Yes, and I suspect (although I don't know for sure) that the reason is that a lot of these options are written on spec. For example, does buying buying a call option require that someone has actually previously written it, or does the market maker simply take the other side of the option and acts as a clearing house. I hope I'm being clear on this.

TTFN,
CTC



To: Geoff Nunn who wrote (72630)10/16/1998 5:26:00 PM
From: nihil  Read Replies (4) | Respond to of 176387
 
RE: Are you correct?

No. I have not bought an option at the Ask or sold one at the Bid (except in dire emergencies) in months. I routinely do better on spreads by rolling my own (keeping up to 90 per cent of both spreads). Use a +/-1/8 difference on the > $3 options and +/- 1/16 on cheaper options. When you want to buy an option offer 1/16 more than the bid, and you will become the market bid and get the next market order. Check and see if your offer becomes the market bid (if not sue!). There are usually many market makers, some of whom will be happy to make a teeny if they are too long. Collusion cannot be organized just to cheat you out of a point. Scalpers are competing to make trades to maintain their lifestyles. If you are the bid, you will be filled, the new bid will drop, and the market will stumble on.

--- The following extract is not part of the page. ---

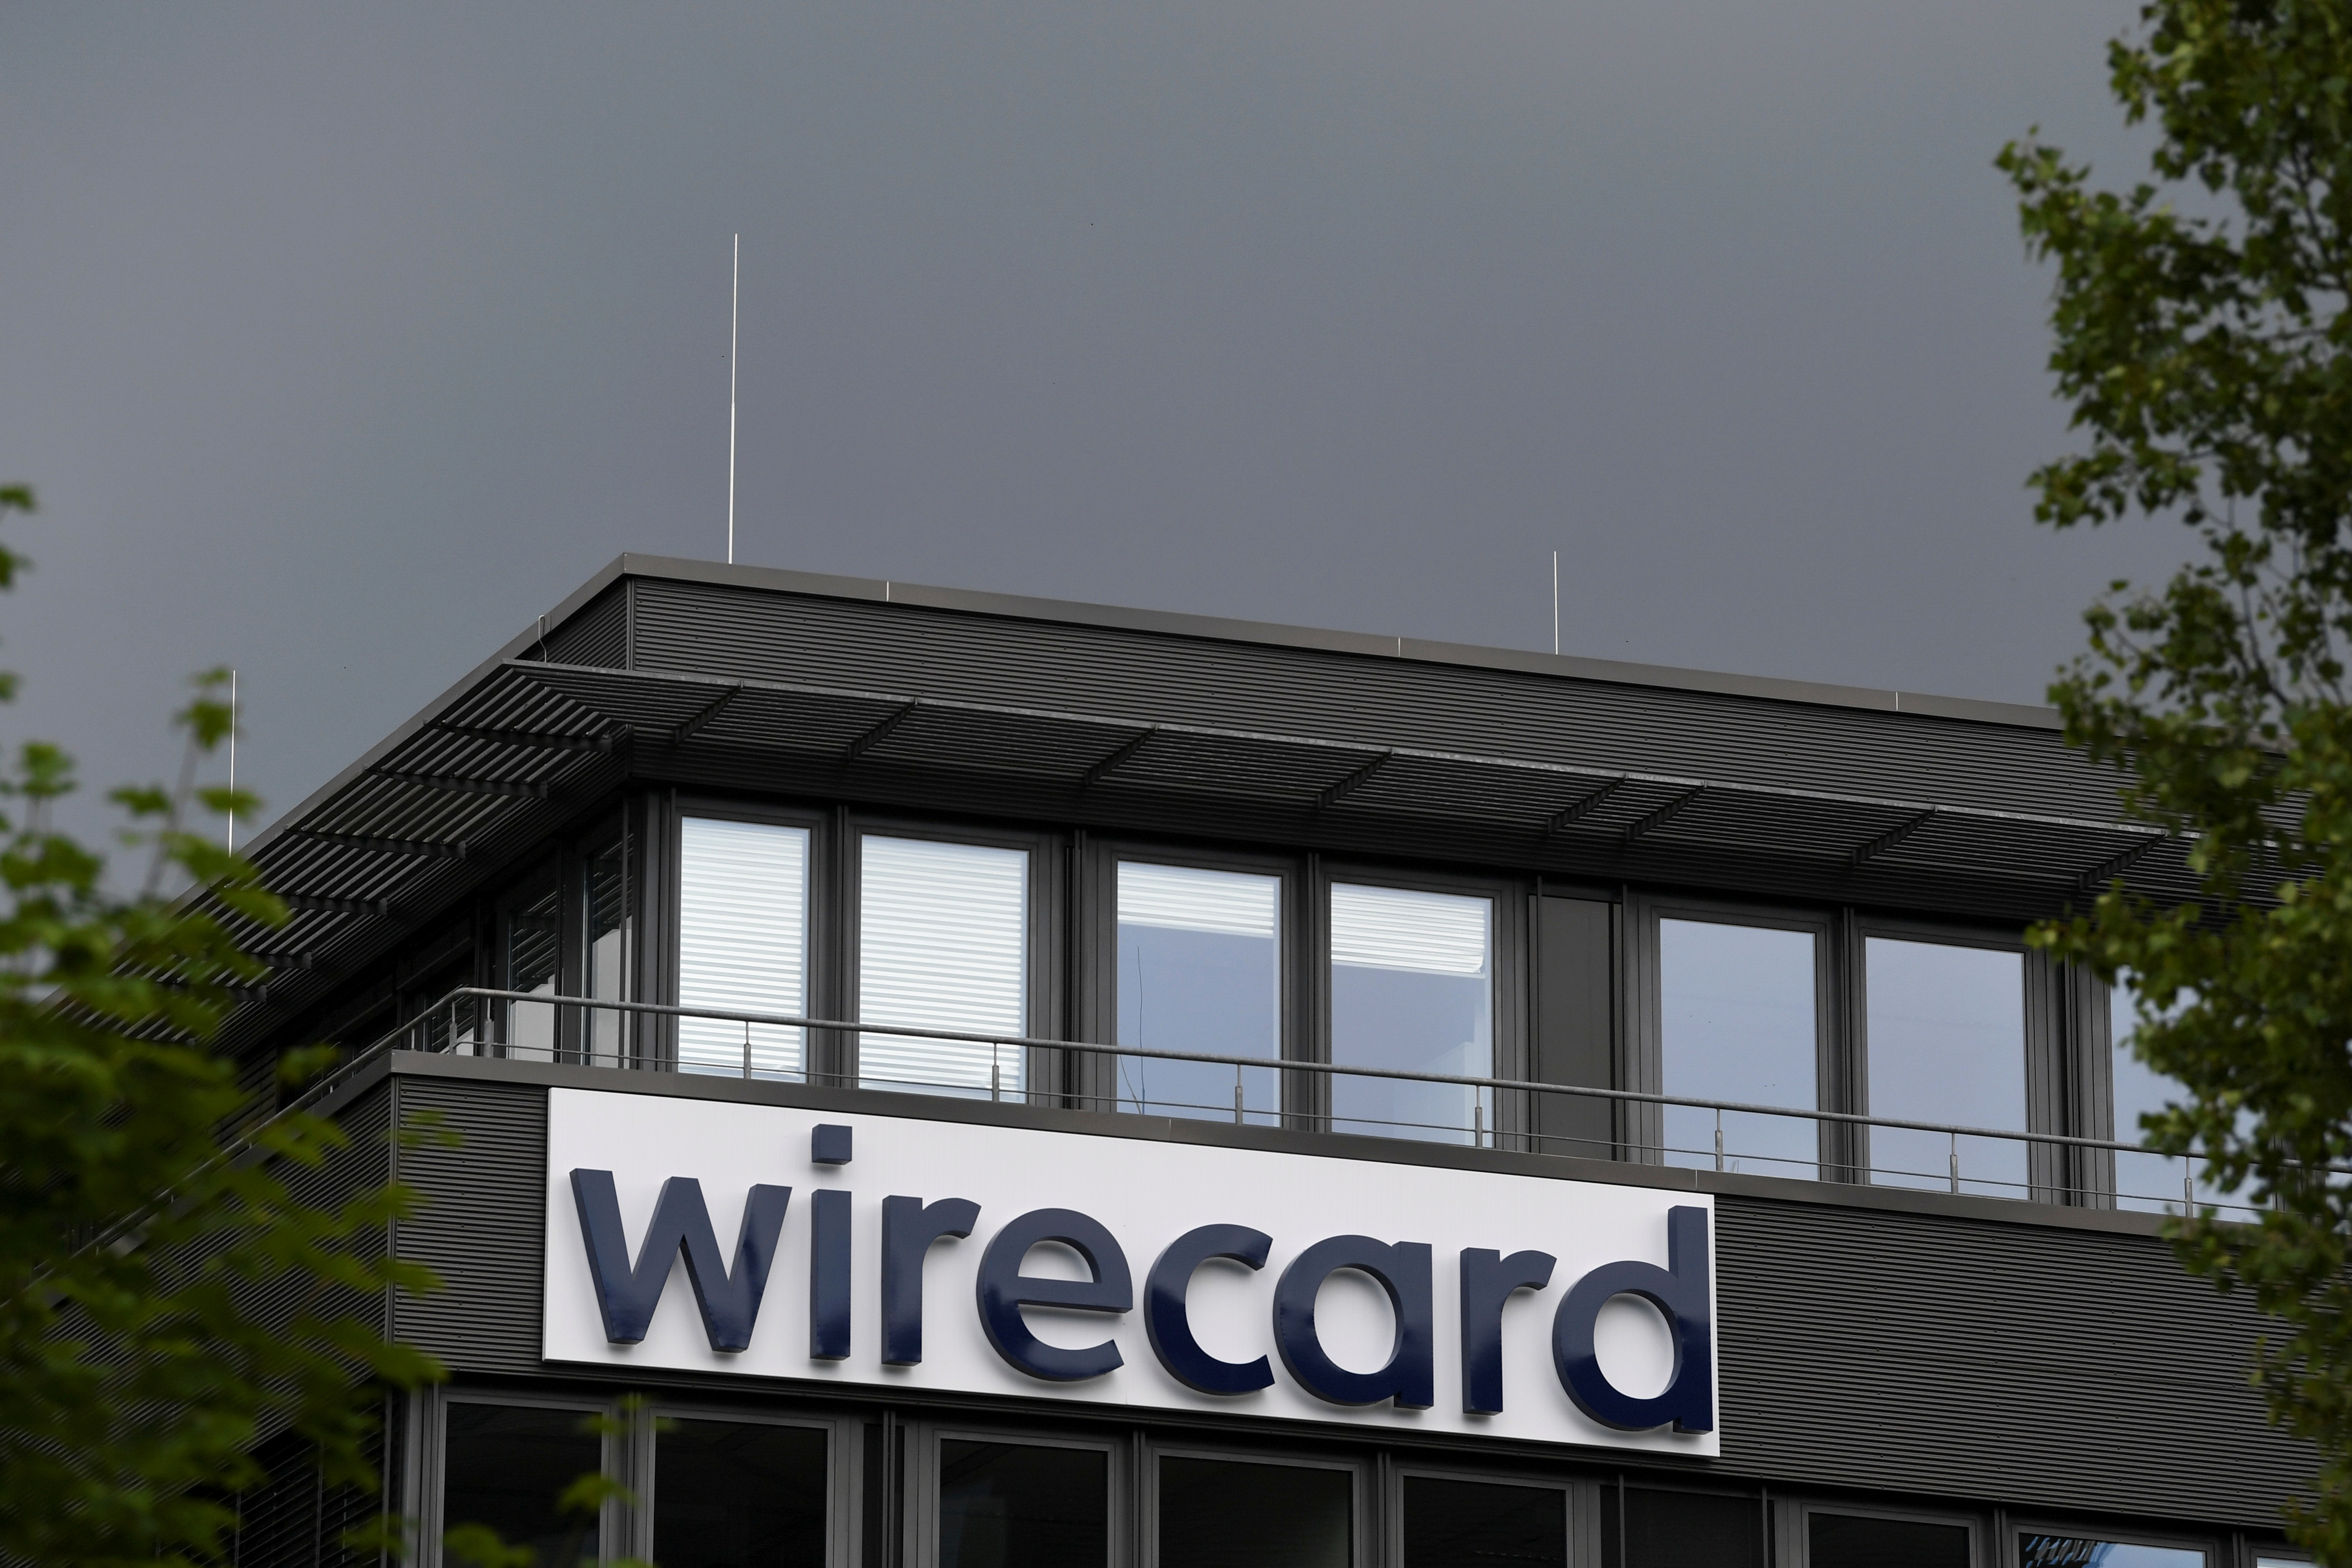 La sede central de Wirecard en Aschheim, cerca de Munich. (REUTERS/Andreas Gebert)

To: Geoff Nunn who wrote (72630)10/19/1998 11:40:00 AM
From: jim kelley  Respond to of 176387
 
Geoff,

Options are very expensive now. There is a high volatility premium to be paid. You might want to wait until the volatility subsides before you reach for a 6-pack of options.

As far as the spread is concerned, it seems to be the widest in the options that have the lowest per day volume. You can always offer less than the ask and you may get your fill.

The main issue with options is to be confident that the stock is going to hit its target by expiration. If you are not certain then you can use a spread to distribute your risk.

Also, if you do not have a cast iron stomach, do not purchase options due to expire in the next 30 days that are way out of the money.